Dataset records
▬▬▬▬▬▬▬▬▬▬

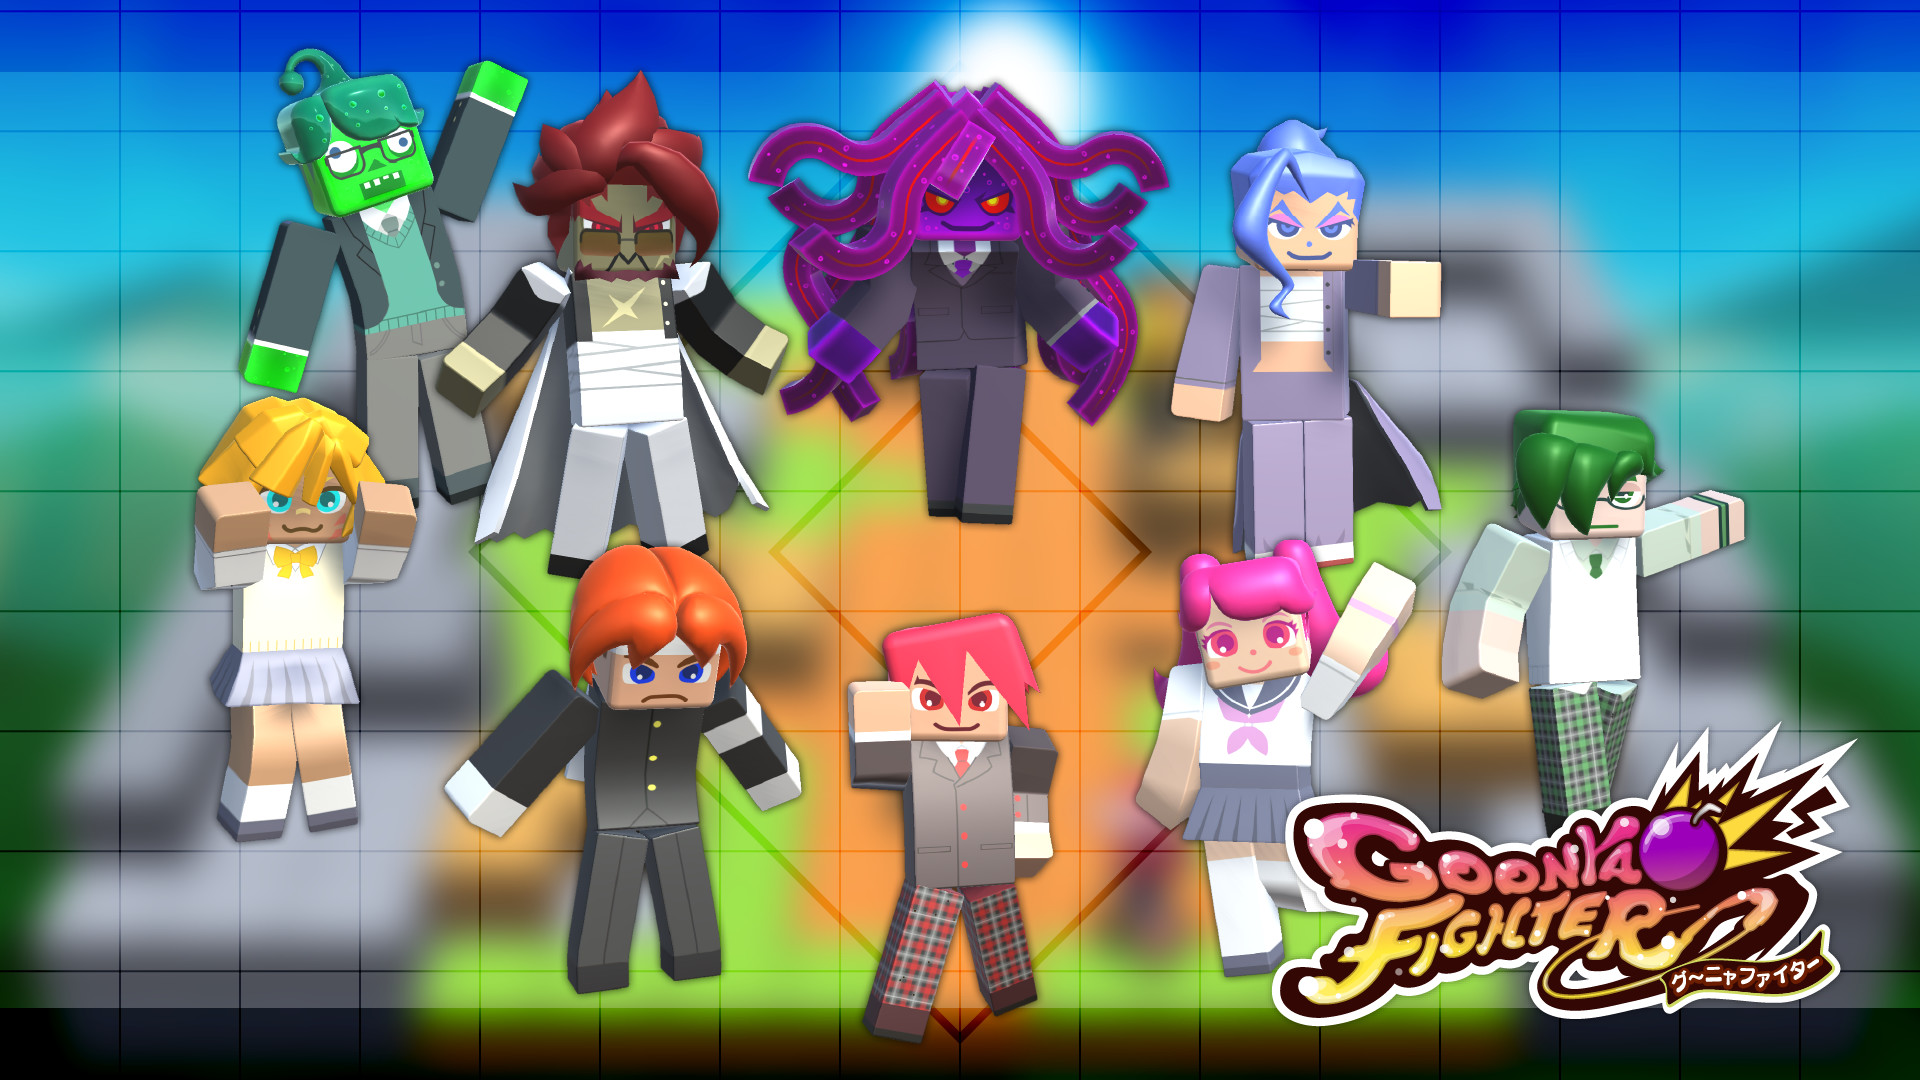 GoonyaFighter - Additional skin: All character skins (College Days ver.) Featured Screenshot #1
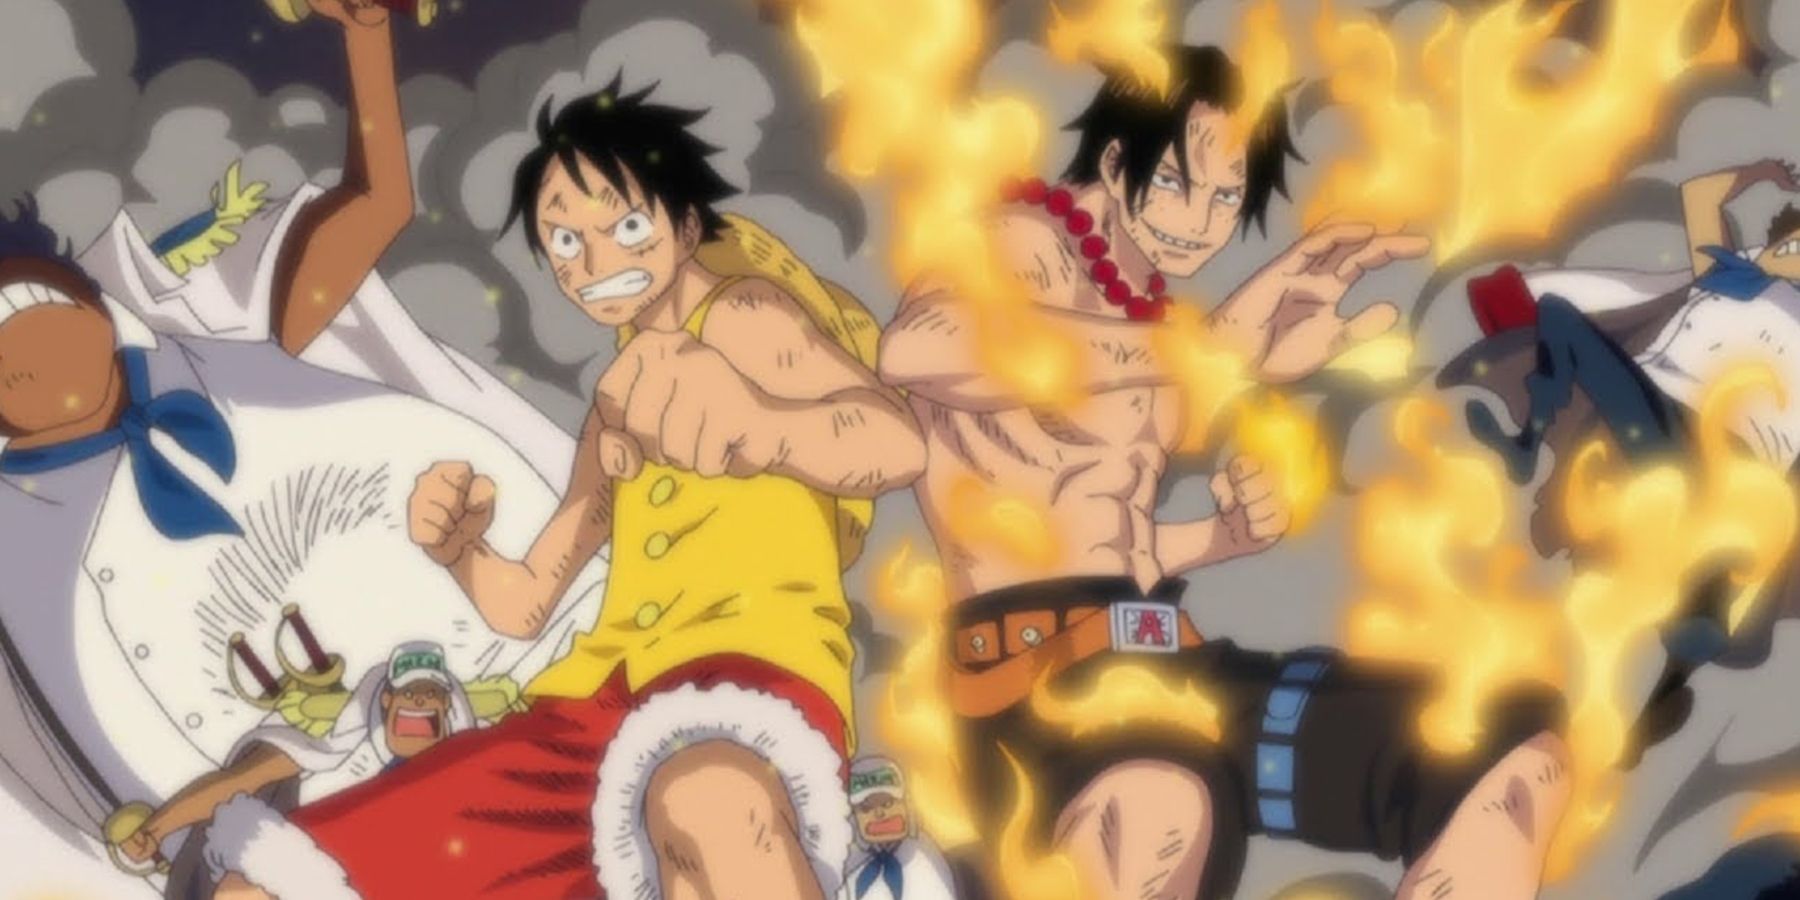 ace and luffy in one piece
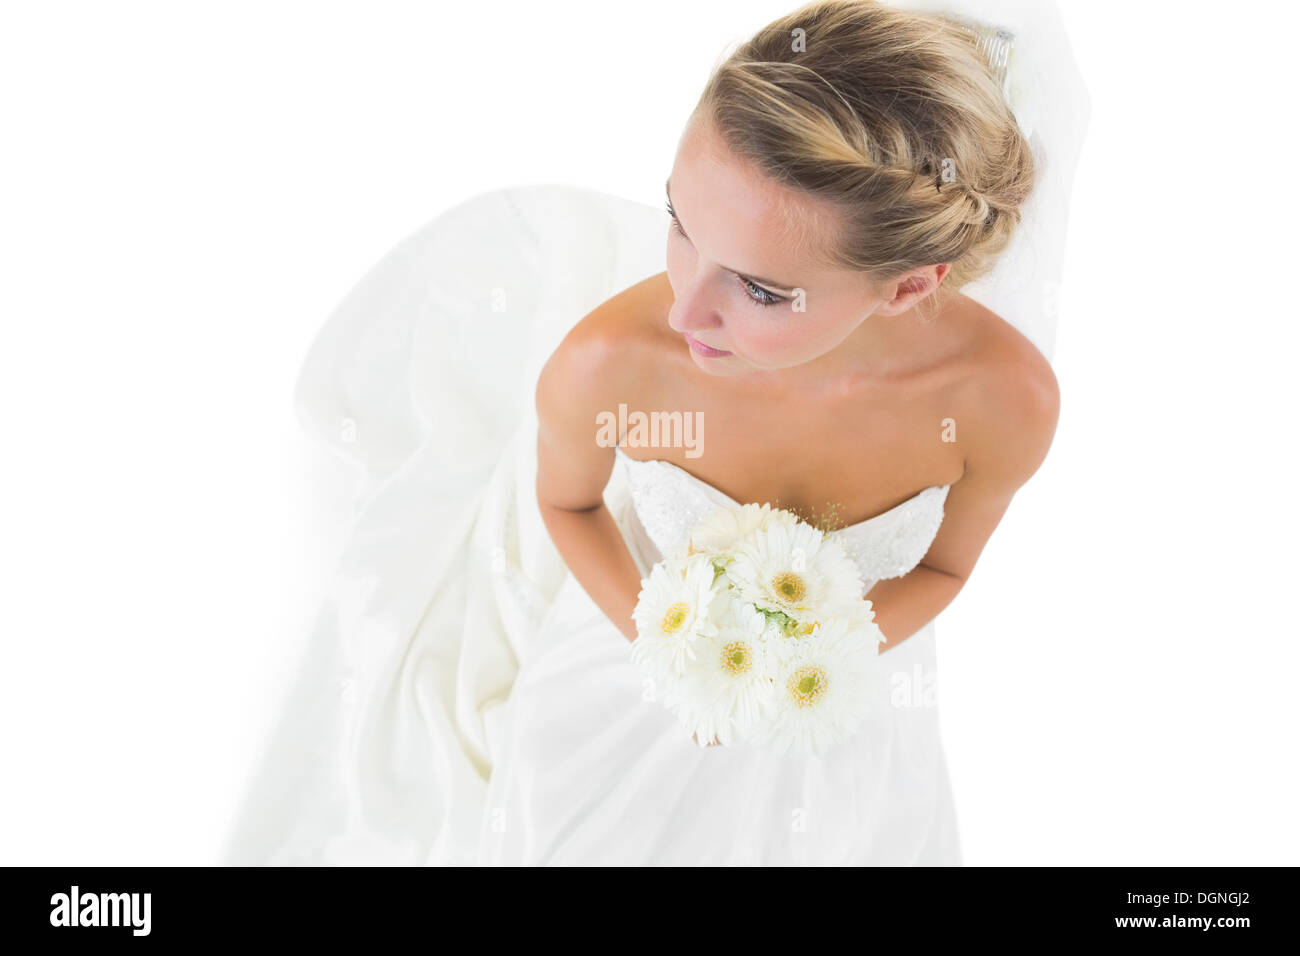 High angle view of blonde bride holding a bouquet Banque D'Images
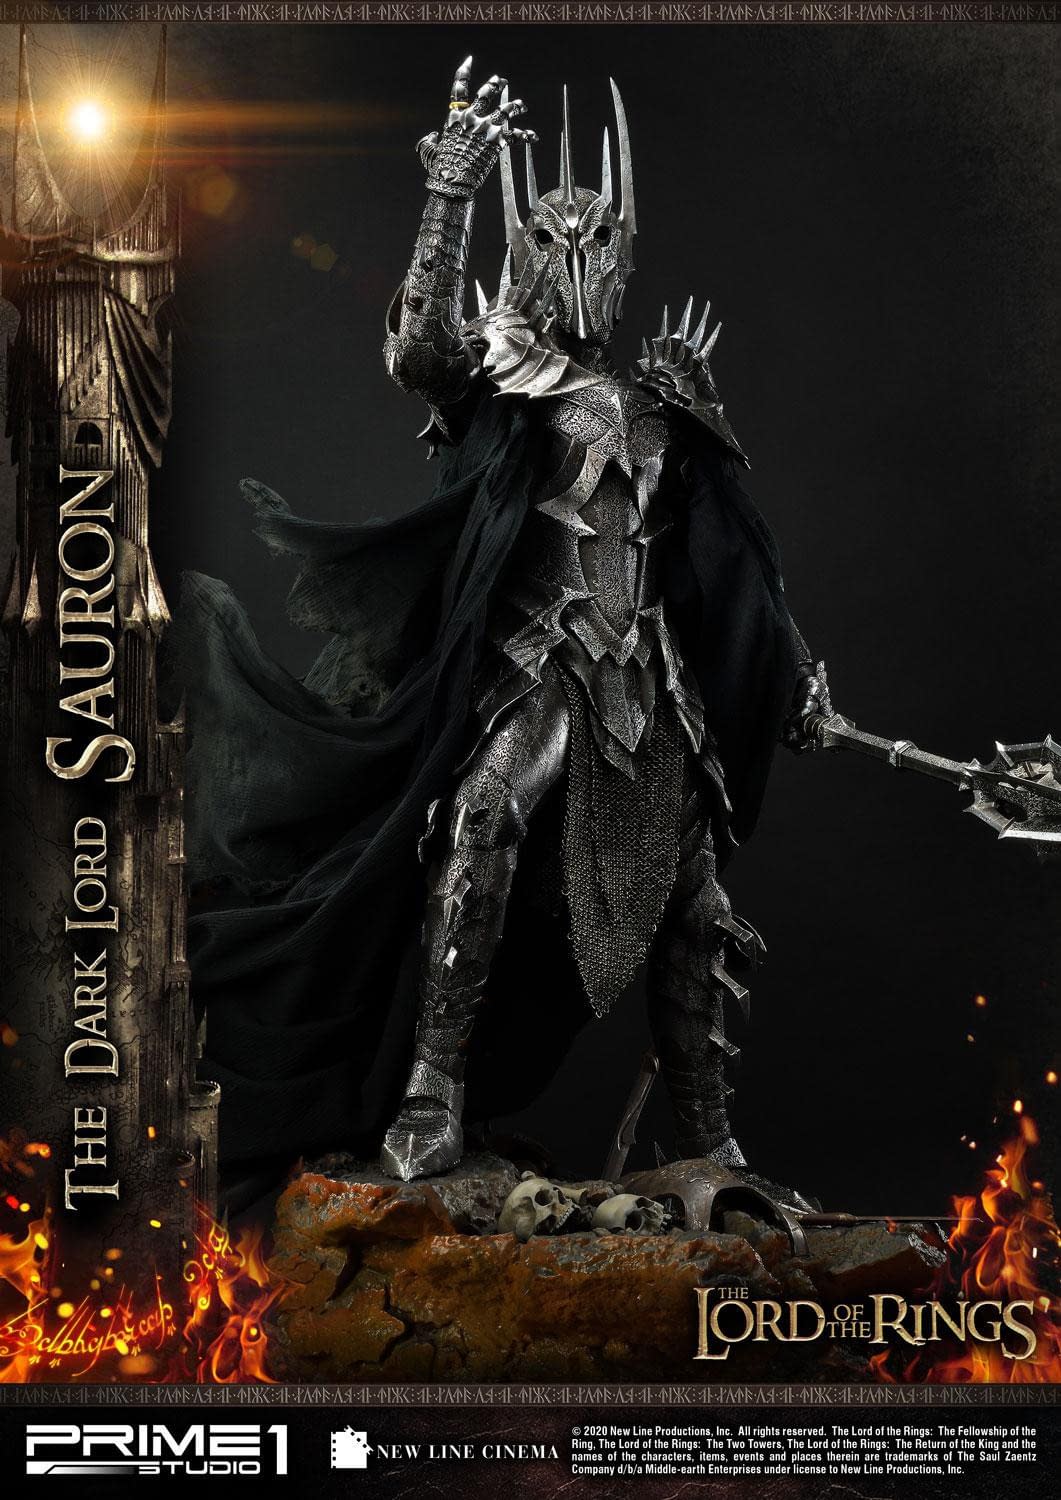 Sauron book 1 by dominic07 - Issuu
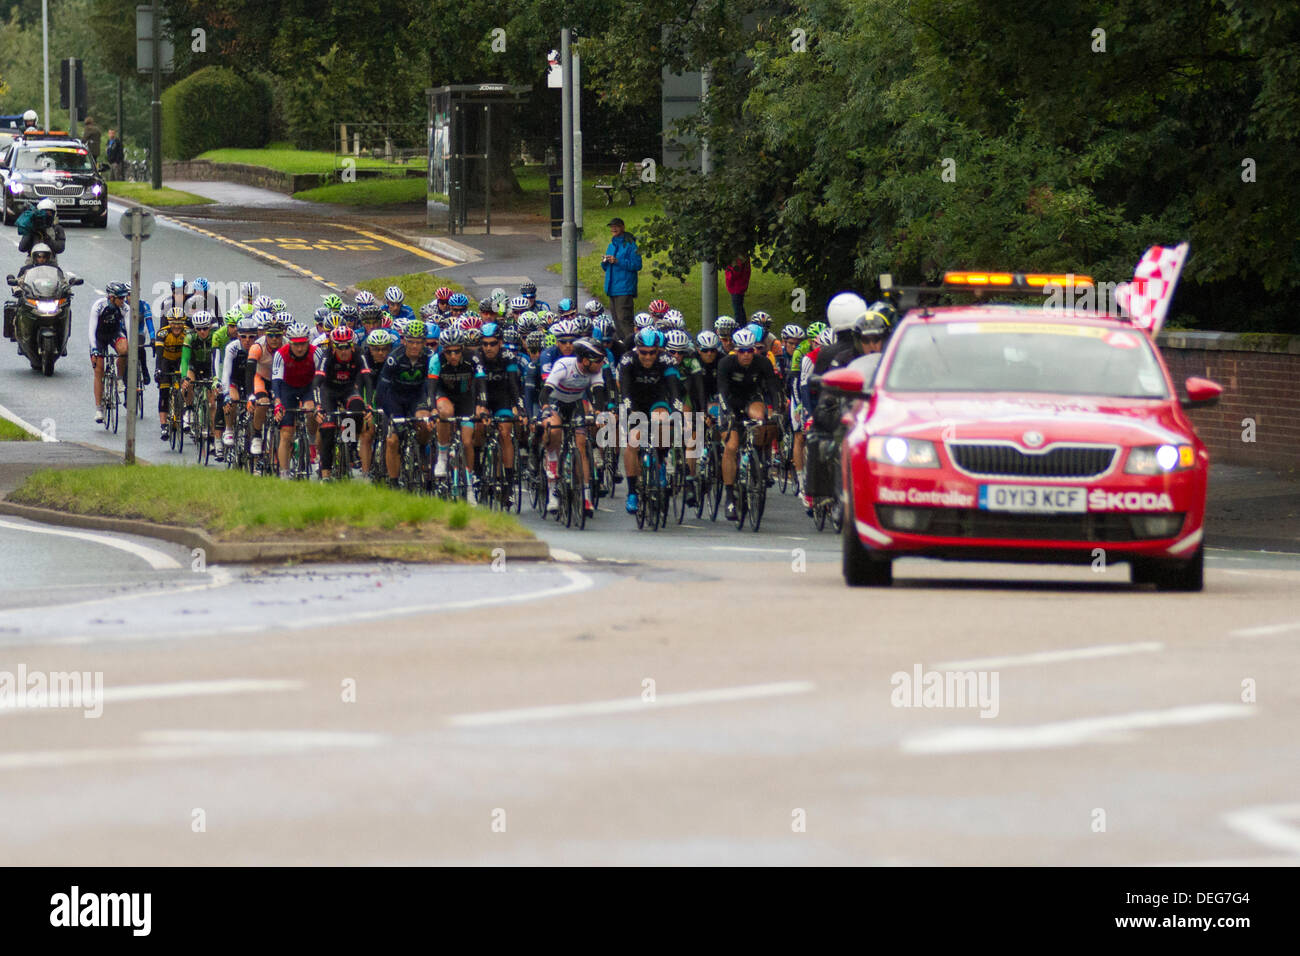 Stoke on Trent, Staffordshire, UK. 18th Sep, 2013. Cyclists pass through the Trentham area of Stoke on Trent, Staffordshire on stage 4 of the Tour of Britain, starting in Stoke on Trent and finishing in Llanberis in Wales Credit: © Alex Williams/Alamy Live News  Stock Photo

▬▬▬▬▬▬▬▬▬▬

(PROBLEM):
Are you able to set down all the lines above exactly, without any pictures?

(EXERCISE RESULT):
 GoonyaFighter - Additional skin: All character skins (College Days ver.) Featured Screenshot #1
 ace and luffy in one piece
 High angle view of blonde bride holding a bouquet Banque D'Images
 Sauron book 1 by dominic07 - Issuu
 Stoke on Trent, Staffordshire, UK. 18th Sep, 2013. Cyclists pass through the Trentham area of Stoke on Trent, Staffordshire on stage 4 of the Tour of Britain, starting in Stoke on Trent and finishing in Llanberis in Wales Credit: © Alex Williams/Alamy Live News  Stock Photo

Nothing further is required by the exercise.